Christ, it gets worse.

Check this;

Windows (as I know) tries to minimize the number of processor groups, by making them as large as possible (up to their 64 core limit – 64 cores, 640kb RAM, you think they’d notice). However, naturally, if the number of logical cores in the system isn’t divisible by 64, you end up with uneven groups. (It also implies a processor group, which is the basic scheduling entity, can have multiple NUMA nodes, which implies scheduling is not actually NUMA aware, but only processor group aware – and that’s insane).

Intel bought out a 10 core CPU (bloody obvious, given the relatively slow rate of higher core numbers) with 20 logical cores, which induces this.

So there’s now a hotfix for Windows which modifies how processor groups are formed up, to ensure even groups. So some systems will have this, and some not…

Bloody Microsoft

I’ve been rewriting the topology code.

This code is partially an abstraction layer (and so that part must be friendly to users, easy to understand and implement). It has the job of representing the system processor topology in a btree, i.e.
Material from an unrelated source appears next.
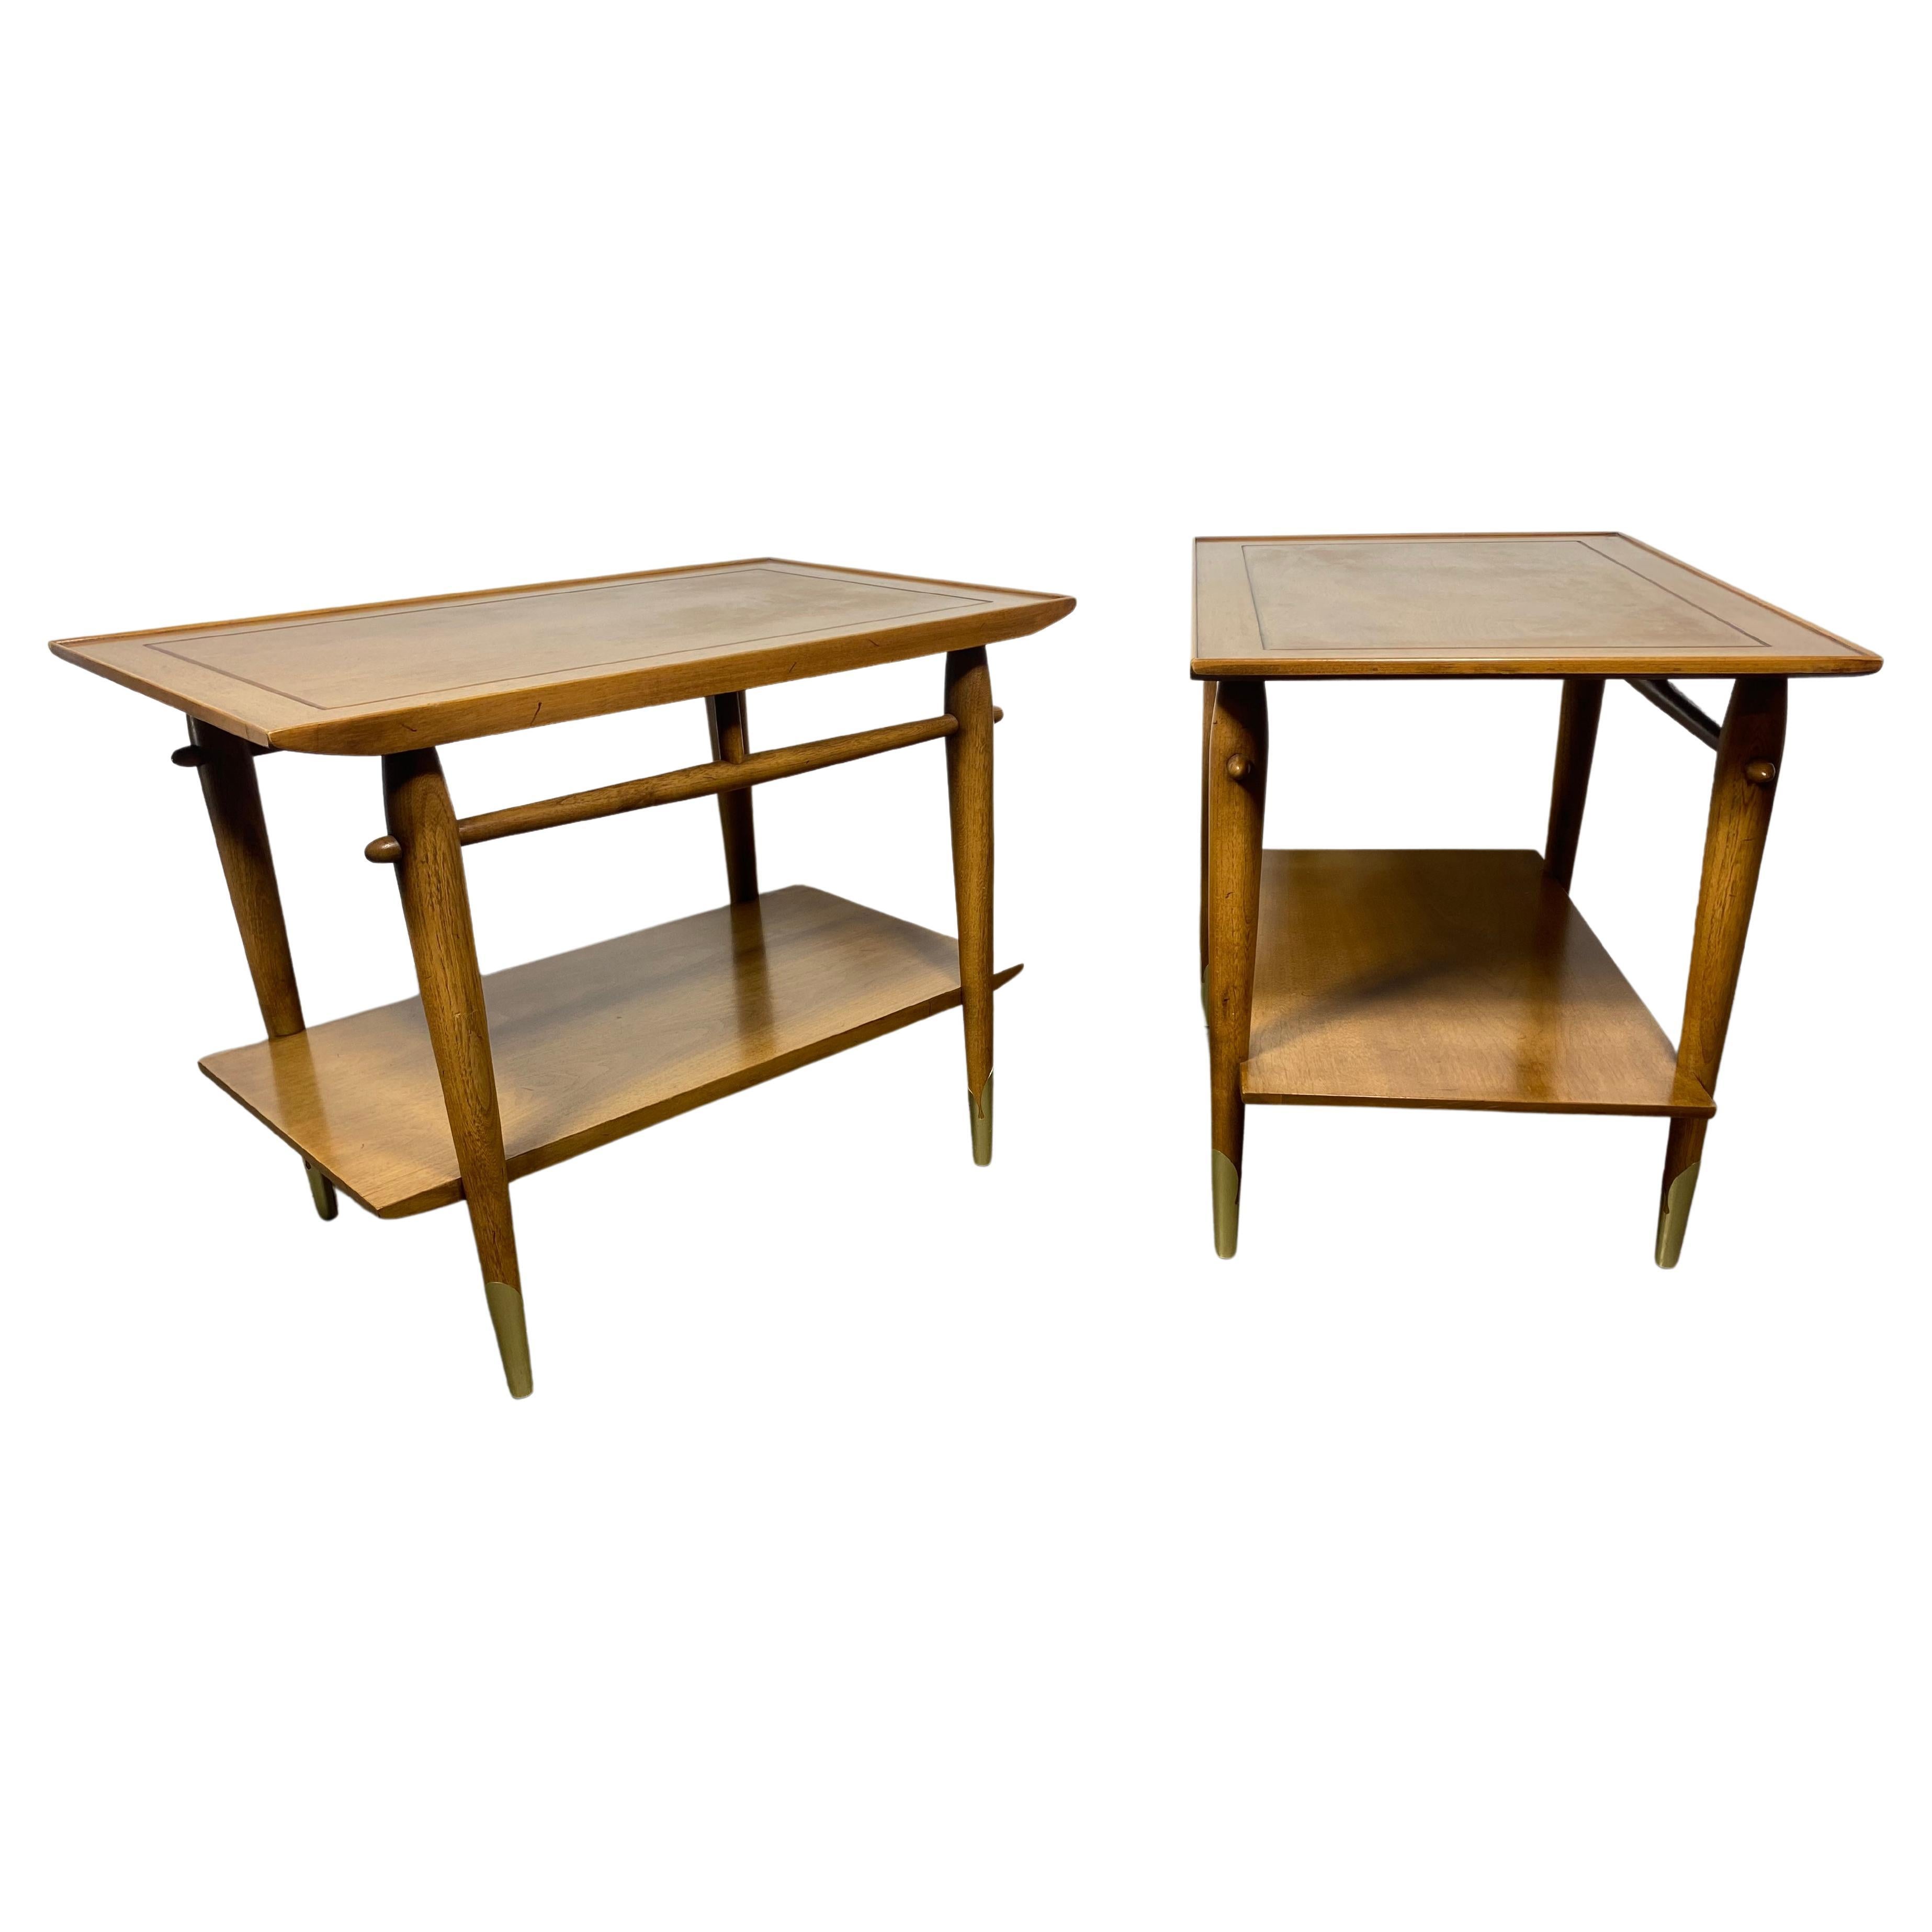 Classic Modern two-tier walnut tables by Lane from the "Copenhagen Collection". For Sale

NUMA nodes, sockets, caches, physical cores, logical cores.

Under Linux, it’s easy.

Under Windows, OMG I don’t even

The problem is Windows has added into the mix a completely redundent, unnecessary and complicating concept called a “processor group”. Actual logical core IDs only go up to 64 – the largest number of logical cores in one processor group. So to identify a core, you must identify the processor group, too. Processor groups *SPAN NUMA NODES*, so the members are potentially HETEROGENEOUS.

Because the processor group must be specified, when you start using the Windows API for enumerating topology, you can have MULTIPLE entries for the SAME entity, where each entry lists a set of logical cores *for the same processor group*. So a given socket might have say four entries, all the logical procesors in processor group 0, then all those in group 1, etc.

Now, remember – I’m representing the topology in a btree. To link an element, I need in fact to know its full set of logical processors, so I can sort it to the correct location in the tree. In Windows, I can only KNOW that I know this BY FULLY ENUMERATING THE ENTIRE TOPOLOGY, i.e. I actually have to iterate over the entire topology for EVERYTHING I FIND, to ensure I have every logical processor which belongs to it.

The only reason for this madness is processor groups, which I’m going to utterly ignore, always (except I need to know them to be able to start threads on the logical cores I want).

Test and benchmark

I’ve been thinking quite a bit.

I’m currently (re-re-re-re-)writing the benchmark app.

That’s fine. I’ve gone back to a using a library for as much stuff as possible, because I find it easier to think and lay out code properly. When writing libraries these days, I look to avoid memory allocation – I have the user pass in allocations. Problem is when you come to something where the size of the allocation cannot reasonably be known – it’s the result of some complex work inside the library, so the user can’t know beforehand how much store to allocate.

One simple, inefficient solution is to ask the user to pass in worst-case allocations. For smaller allocations, where the worst-case can easily be calculated, this can be okay, and I’m pretty sure I can use this approach for the benchmark app, in its current form – although this is because the benchmark app makes no large per-NUMA node allocations; all the per-NUMA stuff can be allocated on the stack, in each benchmark thread, and so naturally (normally – OS decides but this is how Windows and Linux work) goes on the NUMA node for that thread.

If the benchmark did make large per-NUMA node allocations, the user would have to make them and hand them over…

…which is exactly how things are with the test app. This *does* make large per-NUMA node allocations.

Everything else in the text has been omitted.